Это столько же констатация нелегкого положения Сибирской дружины, сколько аллюзия на популярное в годы Гражданской войны ветхозаветное пророчество Даниила об избавлении праведных от сил зла и ужасных бедствиях на пороге приближающейся новой эры: «и наступит время тяжкое, какого не бывало с тех пор, как существуют люди, до сего времени»[16].
Затем центром речи становится бело-зеленое знамя. Сейчас оно у Пепеляева, его рука сжимает древко. Он предлагает сделать это знамя «символом братского единения», говорит об изображенных на нем лике Спаса Нерукотворного и кресте, который напоминает об их «крестном пути», о том, что они не отказались «нести крест страданий за благо народное».
Накал речи достигает апогея: «Кто знает, что нас ждет впереди? Может, этим летом мы уедем из Якутской области и станем мирными гражданами, тогда наше знамя будет сохранено у меня и будет ждать того времени, когда вновь разовьется на просторах Сибири и вновь соберет нас всех под сень свою. Может, нам вновь суждено пережить бои, тогда оно будет развеваться там, где бойцы будут усталы, где будет трудно».
И обращение к знаменосцу: «Брат доброволец Березкин! Вручаю тебе знамя Сибирской добровольческой дружины, нашу общую святыню. Храни его и никогда не отдавай врагу».
Пепеляев считал Амгу «стратегическим ключом к Якутску», и мало кто сомневался, что замок скоро будет открыт. Кадровых частей в городе не было, лишь отряды ЧОНа, а они не могли противостоять прошедшим две войны пепеляевским ветеранам. Выступление назначено было на 15 февраля.
Все предвкушали скорое возвращение к цивилизации. До Якутска оставалось менее двухсот верст. Город лежал на западном берегу Лены, но замерзшая река не являлась препятствием для штурма. Мысль о том, что хорошо бы оборудовать окопы вдоль Набережной улицы, одно время владела умами гарнизонного начальства и угасла, не осуществившись. По данным пепеляевской разведки, оборонительные сооружения на окраинах не возводились, укрепления имелись лишь на пивоваренном и пороховом заводах, и то не земляные, а проволочные.

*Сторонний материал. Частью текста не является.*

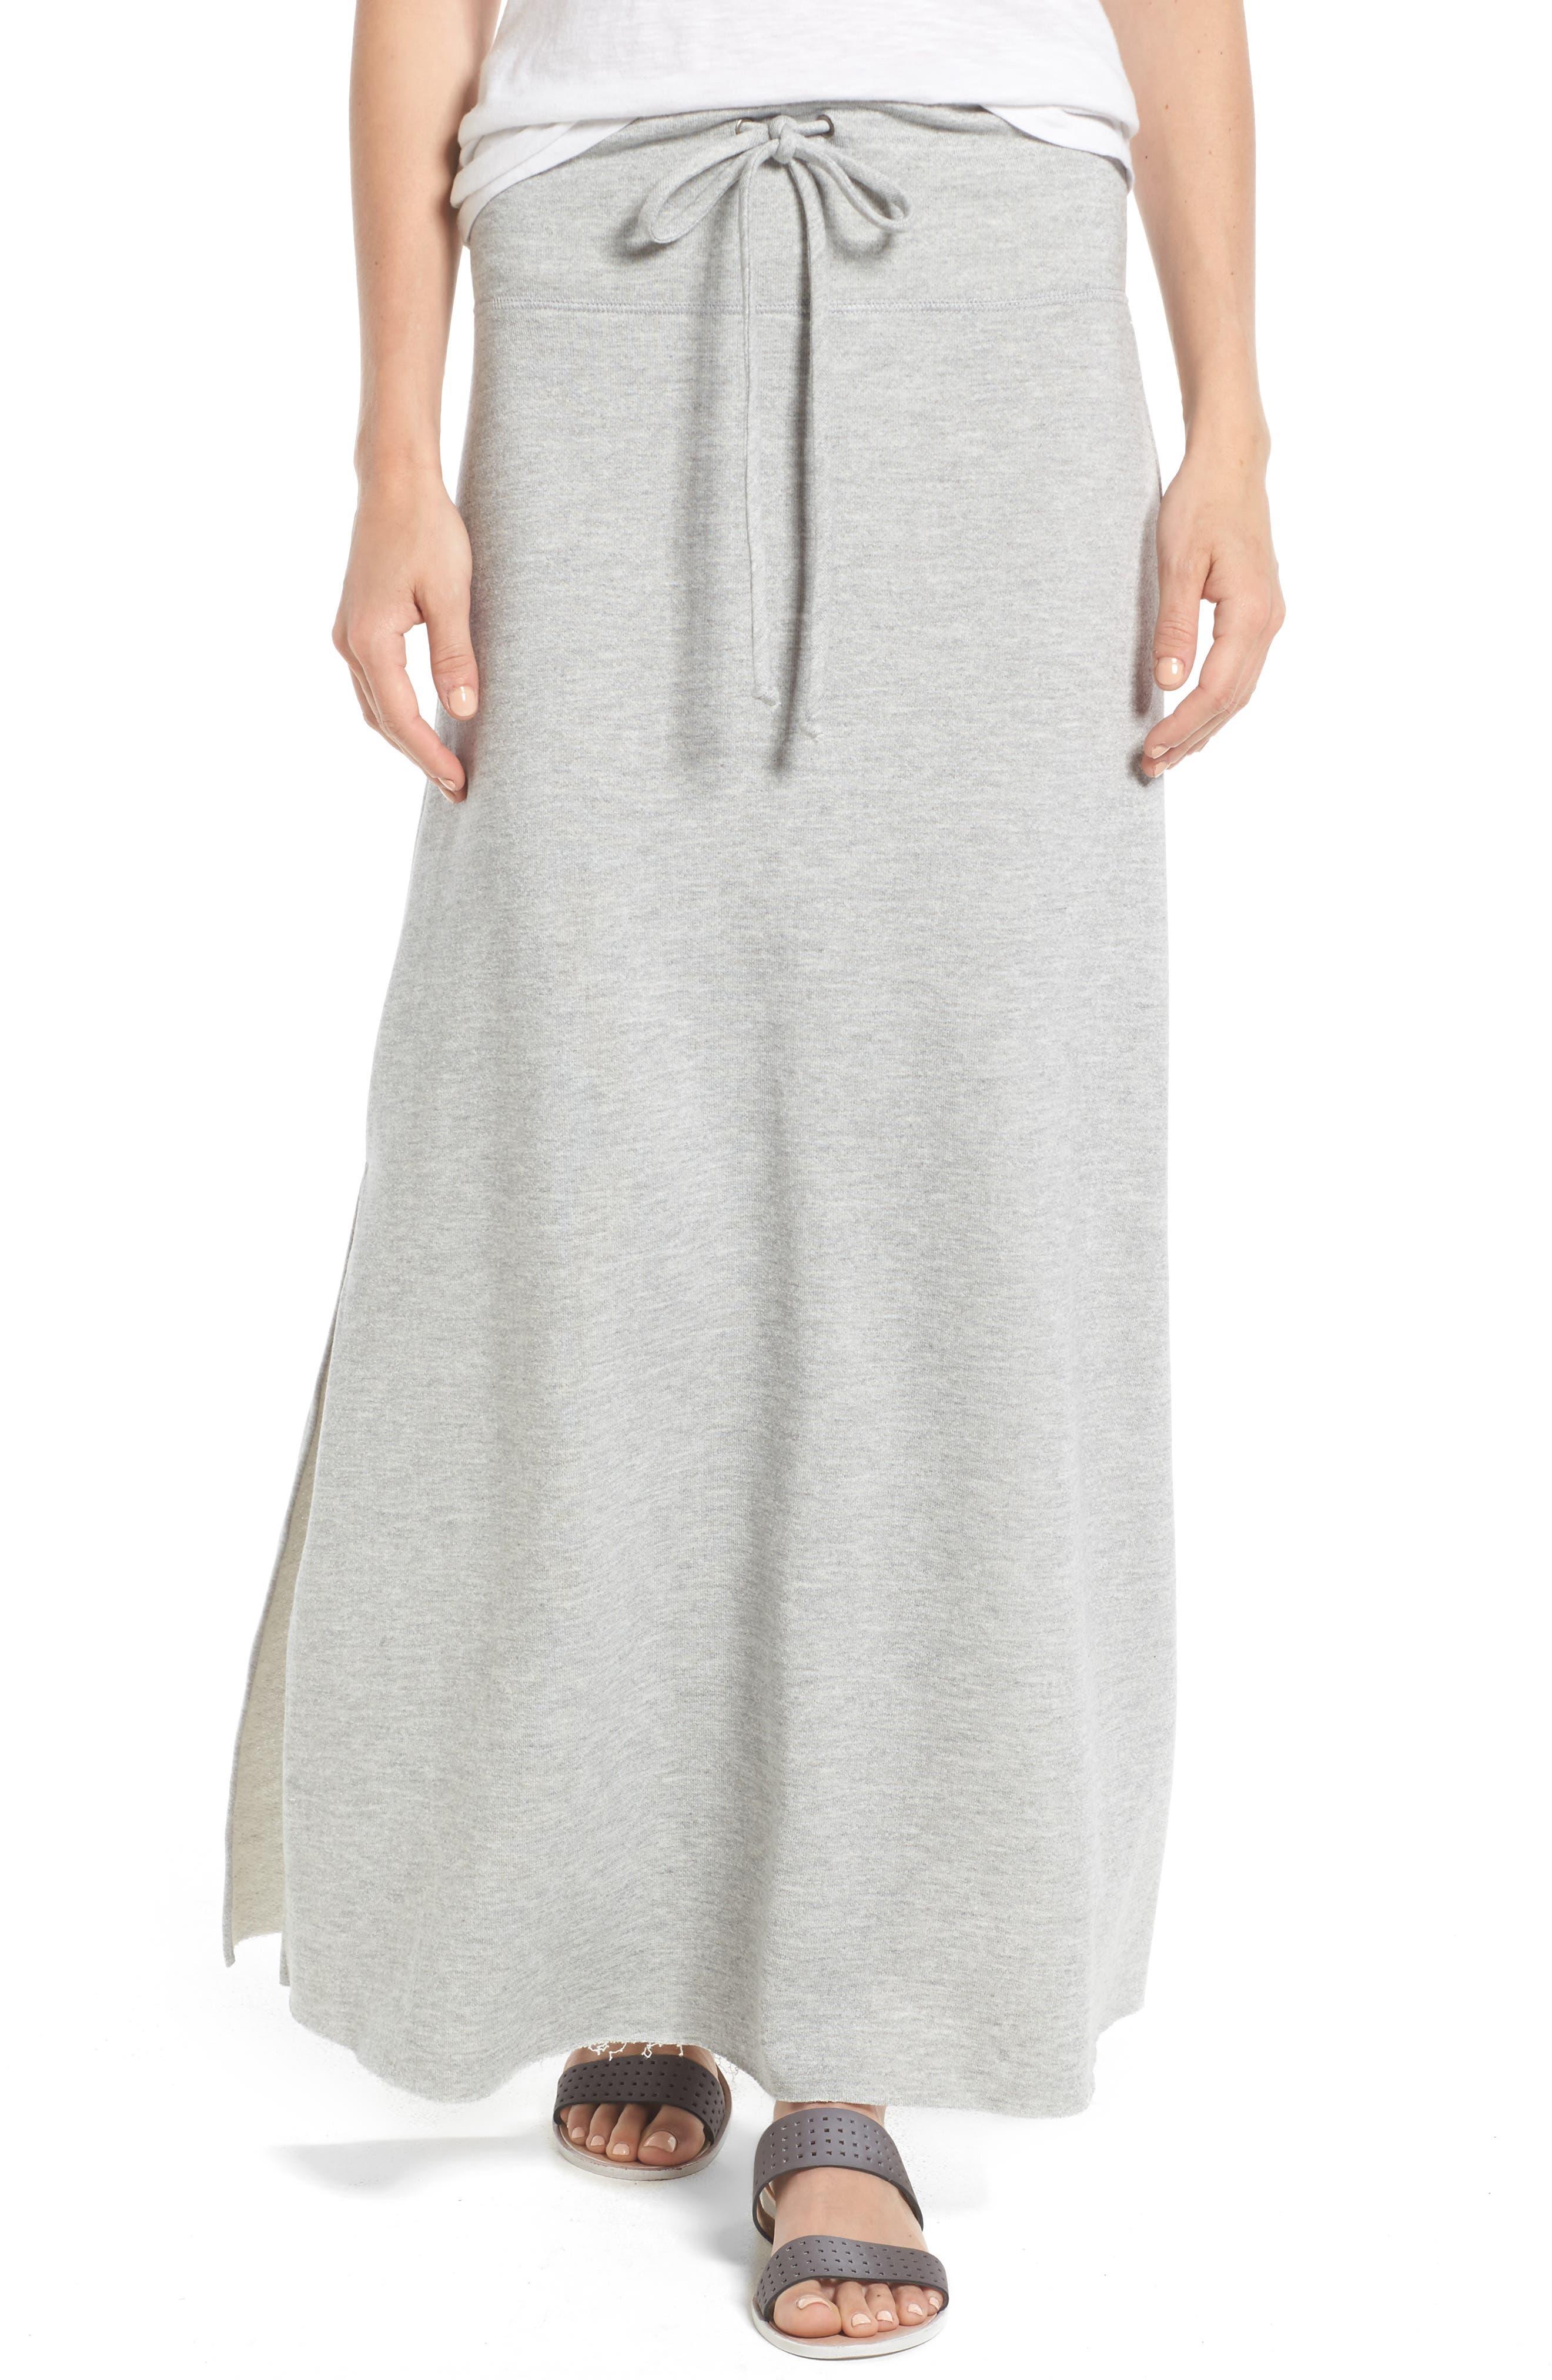 Alternate Image 1 Selected - Caslon® Drawstring Knit Maxi Skirt (Regular & Petite)

Пока Дмитриев собирал лошадей для обоза, Строд загорелся идеей наказать находившихся где-то поблизости партизан Артемьева. Похоже, ему не терпелось поквитаться с ним не только за убитых бойцов Дмитриева, но и за собственное бегство от Усть-Миля.
Накануне операции в штабе собрались командиры рот, которые должны были в ней участвовать. Обстановку этого совещания Строд описывает в духе советских романов конца 1920-х с их избытком бытовых подробностей, призванных заполнить зияющие пустоты послереволюционного бытия и создать иллюзию прочности того мира, где никто не чувствовал себя уверенно: «Махорочный дым сизыми волнами плавал по комнате, закрывал потолок, лез в глаза и медленно уходил в кухню. На стенах висели дулами вниз до десятка винтовок рядом с наполненными до отказа патронташами. На подоконнике валялись мильсовские гранаты. В углу у печки притулился “максим”, окруженный облезлыми, потерявшими свой защитный цвет коробками. Одна коробка открыта, конец ленты, тускло поблескивающий медью патронных гильз, продернут в приемник. Тут же, на усеянном окурками грязном полу, расположились пулеметчики. Мирно посапывает хозяйская собака Полкан».